Apr. 9th, 2012

aardogs: (Default)
I've been thinking about things a lot lately. A dangerous pastime yes I know. I've been thinking about myself, who I am, what I believe in, where I'm going. When I can't sleep I often watch TED lectures. I came across this one tonight:
http://www.youtube.com/watch?v=L8YJtvHGeUU&feature=youtube_gdata_player

When I think about who I am, none of those thoughts ever have to do with "stuff" that I have. And yet here I am, sitting in my room, looking around at all this stuff.  Stuff that, 90% of the time just sits there, untouched. Unneeded.
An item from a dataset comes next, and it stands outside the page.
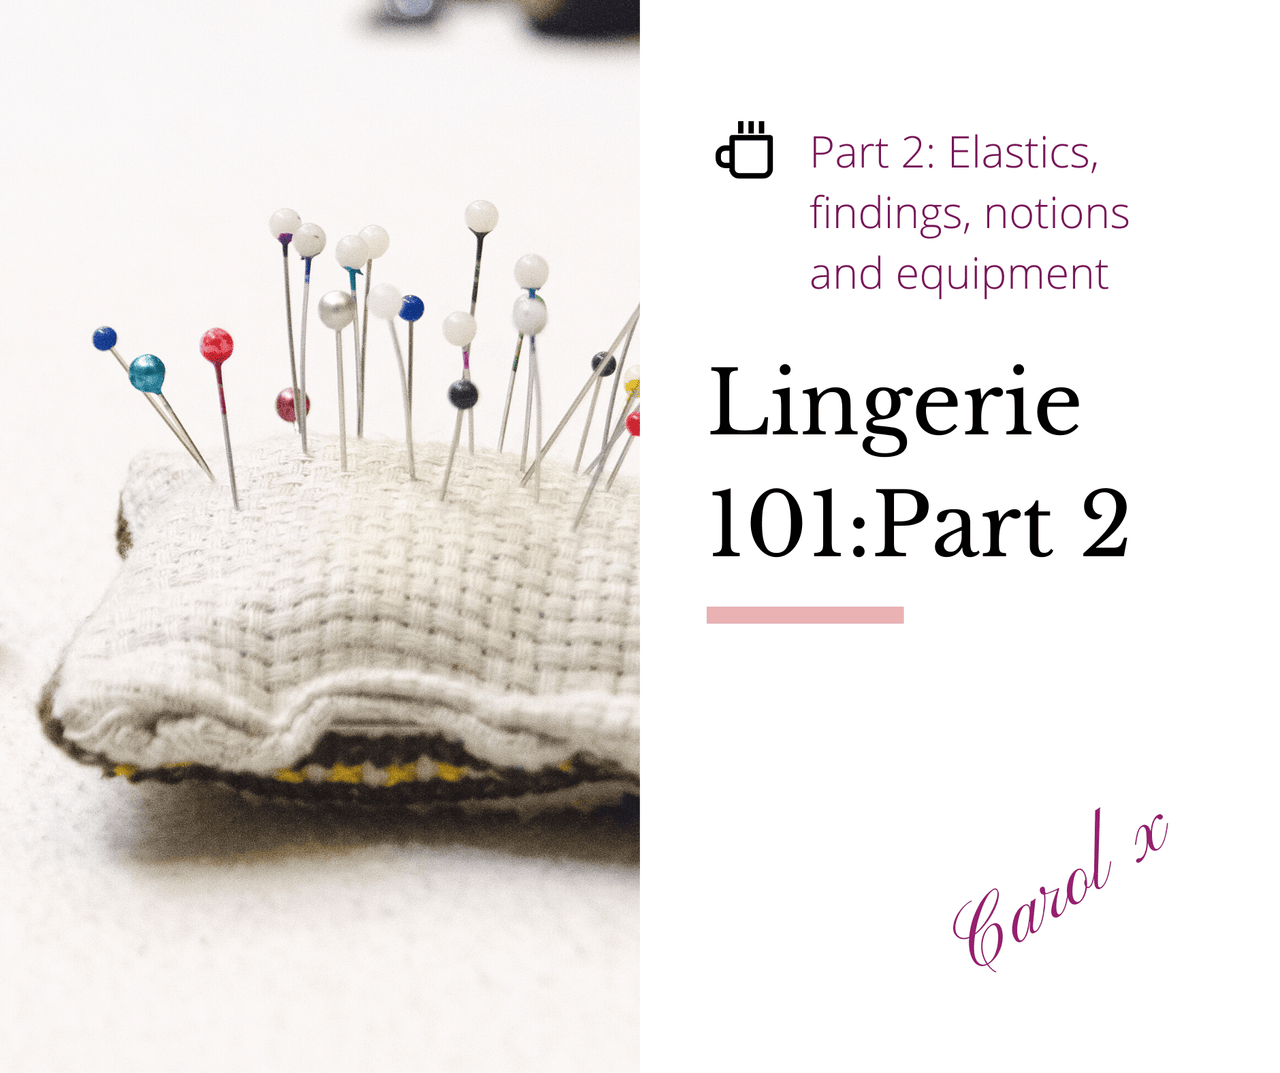 Lingerie 101 - Part 2: Elastics, findings, equiptment and notions - Fabriques

I know why I hold on to all this stuff: nostalgia. All these things are filled with so many memories and seem so important and I need  it all because it's comforting. So many aspects of my life have changed and are still changing but I'll always have this stuff to hold onto my past and that feels so safe. But it ties me down, too. In many ways I think it prevents me from truly moving forward. I have too many attachments. Its all clutter and it clutters up my mind as well. I look at all these things that hold so many memories and so I stay stuck in the past. How did I acquire so many things with so much apparent meaning in only 19 years of life? 

Maybe it's the insomnia talking, but I think I'm ready to get rid of it. I think it will be incredibly difficult, but I'm going to try to be brutal. Books will be the hardest to get rid of. I've held on to so many books that I know I'll never read again, but there's just something so comforting and lovely about books on a bookshelf. I know once the stuff is gone it won't matter. Just thinking about it makes me feel lighter and more free. Freedom from stuff! I'm not sure I'm ready for extreme minimalism, but I am ready to live a lot more simply. Time to get started!